Mexicans are voting on June 1 in the country's first-ever judicial election. The outcome will determine the composition of the country's court system, from the lowest level magistrate courts up to the Supreme Court.
In all, the country is set to remake its judiciary branch in two rounds of voting.
According to Mexico's National Electoral Institute, more than 4,000 candidates will compete on Sunday for approximately 900 seats at all levels of Mexico's federal judicial court system, including all nine positions on Mexico's Supreme Court.
Thousands more candidates will compete for 1,800 local judicial seats across 19 of Mexico's 31 states.
Mexico will hold a second round of elections in 2027 to cover the rest of the country's judicial seats in the remaining 12 states and in the federal district of Mexico City.
Until last fall, Mexico had relied on an appointment system, whereby the country's federal judicial council filled vacancies based on criteria that considered merit and experience.
The country's first-ever attempt at a fully democratic vote to decide its judiciary system has met with both excitement and consternation.
In August 2024, then-U.S. Ambassador to Mexico Ken Salazar issued a statement cautioning Mexico's congress over the types of reforms they were considering.
Former Mexican President Andrés Manuel López Obrador, who frequently clashed with Mexican judges, has been a proponent of the changes.
In September 2024, Mexico's congress approved a series of reforms. In addition to moving to a popular vote for selecting judges, the reforms reduced the number of Supreme Court seats from 11 to nine, halved the necessary work experience to five years, and did away with a requirement for judge candidates to be at least 35 years old.
Obrador's party, the left-wing populist Morena Party, championed these reforms. President Claudia Sheinbaum, who is López Obrador's successor and a fellow Morena Party member, has also cheered the proposed changes to the judicial system.

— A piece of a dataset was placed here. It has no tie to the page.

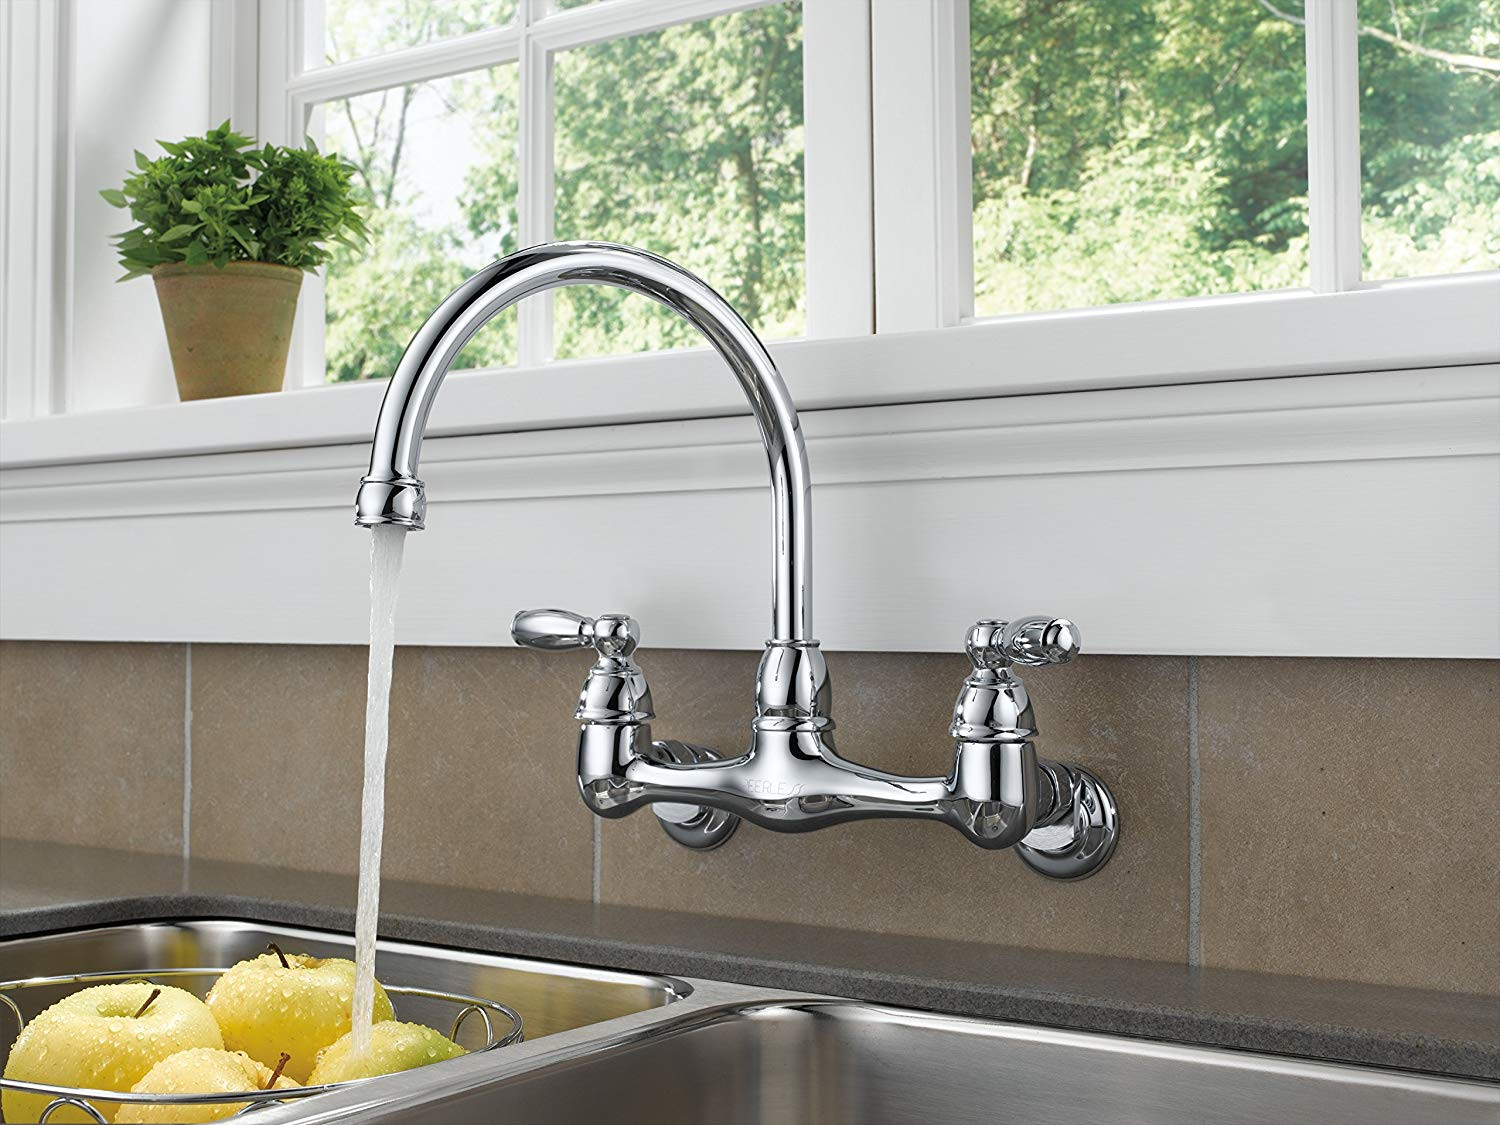 Kitchen Wall Mounted Faucets
 Top 10 Best Wall Mount Kitchen Faucets in 2020 Reviews

Critics of the reforms have warned the changes will politicize the judiciary, with judges refraining from challenging the edicts of the country's ruling party.
Francisca Pou Giménez, a senior researcher at the National Autonomous University of Mexico, said the reforms send Mexico down the same path as Venezuela, where "the judiciary was subordinated at the beginning by Chavismo, with profound, long-lasting damage to democracy, up to this day.”
During a panel discussion at the Wilson Center in Washington in September 2024, Mexican circuit judge María Amparo Hernández Chong Cuy said she believes the reform process was rushed, and the results worrisome.
Turning the judge selection process into a popular vote has also fueled concerns about the types of candidates who could soon fill seats in the courts.
“What I can promise you is I’ll be an impartial judge,” she told voters during a recent campaign stop in Ciudad Juarez, a city that sits across the border from El Paso, Texas.
The election rules prohibit political parties from endorsing, criticizing, advertising for, or otherwise attempting to financially support judge candidates. The candidates must instead self-finance their campaigns, and face constraints with when and how they may promote their campaigns.
Candidates cannot purchase advertising time on television and radio stations. They also cannot pay for online advertisements, but can spread their campaign messaging on social networks.
Opponents of the judicial election process have urged their fellow citizens to boycott the vote.